Research on legal-specific RAG identifies this as Document-Level Retrieval Mismatch (DRM): the retrieval system pulls chunks from the wrong document entirely because the relevant chunk, stripped of its document-level context, looks less relevant than a superficially similar chunk from an unrelated document. One mitigation — Summary-Augmented Chunking — enriches each chunk with a document-level summary, injecting the global context that standard chunking destroys. But even Summary-Augmented Chunking can’t solve the deeper problem: the relationship between the euphemism and the fraud is implicit, cultural, and semantic.
Why Bigger Chunks Don’t Help#
The intuitive response is to use bigger chunks — preserve more context per retrieval unit. But Chroma’s research shows why this backfires: larger chunks mean more tokens per retrieval, which means more context for the model to process, which means more context rot. You’re trading retrieval precision for generation reliability. Retrieval research confirms that the optimal chunk size depends on the query type, and investigation queries — which are open-ended, semantic, and often require cross-document reasoning — don’t have a single optimal size.
From Benchmark to Investigation: What Actually Breaks#
Cross-Language Semantic Inference#
Research on multilingual NIAH shows that model performance drops substantially when the needle is in a language outside the English family, and drops further when the query language differs from the needle language. A model might score 95% on English-English NIAH and 60% on English-Japanese retrieval at the same context length.
Enpitsu wo nameru isn’t just a translation problem — a dictionary lookup returns “to lick a pencil,” which is meaningless without cultural context. The model needs to know that this idiom, in a corporate Japanese context, signals number manipulation.
Cross-Document Pattern Recognition#
Individual documents rarely contain a complete fraud narrative. The evidence is distributed: an email setting expectations in January, a test report with adjusted figures in March, a meeting minute noting the discrepancy in May, and a corrective memo burying it in July.
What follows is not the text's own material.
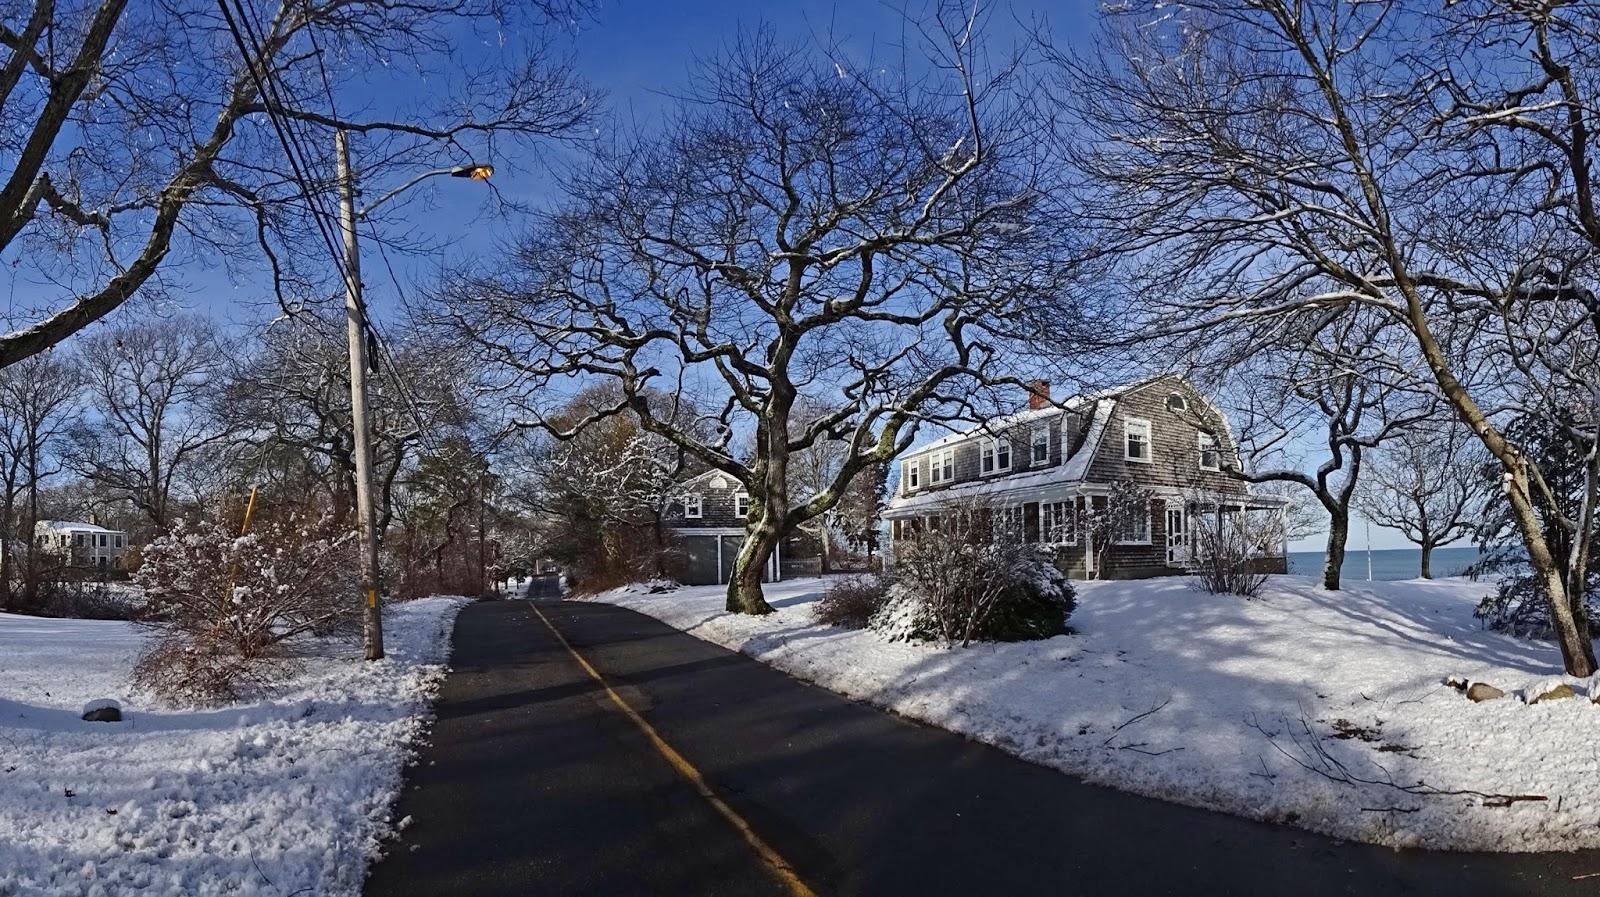 Joe's Retirement Blog: Winter Trees, Manomet, Plymouth

No single document is a smoking gun. The pattern across documents is.
Current RAG systems retrieve chunks per query. They don’t natively detect patterns across independently retrieved chunks from different documents, different dates, and different authors. Graph-based approaches like DISCOG — which use knowledge graphs to model relationships between documents, entities, and events — show promise, but they’re research prototypes, not production legal tools.
Adversarial Document Design#
In a regulatory investigation, the documents weren’t just written casually — they were written by people who knew they might be reviewed. The euphemism is the adversarial design. When Honda’s CEO told reporters that falsification was about “making the tests more efficient, so that we don’t have to repeat them,” he was demonstrating language designed to be technically accurate while obscuring the underlying conduct. In an investigation corpus, legitimate compliance documentation uses the same technical vocabulary as the fraudulent documents — structurally similar to what Chroma calls a “distractor.”
Slicing the Haystack: How to Work Around Context Rot#
The core insight from Chroma’s research is counterintuitive: the answer to context rot isn’t a bigger context window. It’s a smaller one. Context engineering — the discipline of curating the optimal set of tokens during inference — works along four axes: select the right tokens, compress what’s verbose, isolate tasks into separate contexts, and write structured memory for cross-turn persistence. Applied to legal document review, each axis maps to a concrete strategy.
Strategy 1: Pre-Filter Before the Model Sees Anything#
The cheapest token is the one you never send. Before any LLM touches a document, use metadata filters to eliminate what can’t be relevant: date ranges, custodians, file types, departments. An emissions investigation doesn’t need the HR onboarding files or the cafeteria vendor contracts. A second-request response doesn’t need documents outside the relevant time period.
This sounds obvious, but many RAG implementations skip it. They embed everything, retrieve by vector similarity alone, and force the model to sort signal from noise. Temporal filtering and metadata boosting — weighting recent documents higher, filtering by department or custodian before retrieval — can eliminate 60-80% of a corpus before the LLM ever fires. Every document you remove is context rot you prevent.
Strategy 2: Hierarchical Chunking — Summaries First, Details on Demand#
Instead of feeding the model raw document chunks, build a two-tier retrieval system. The first tier retrieves document-level summaries — generated during ingestion, not at query time. The model scans summaries to identify which documents are worth reading in full. The second tier loads the full text of only those documents.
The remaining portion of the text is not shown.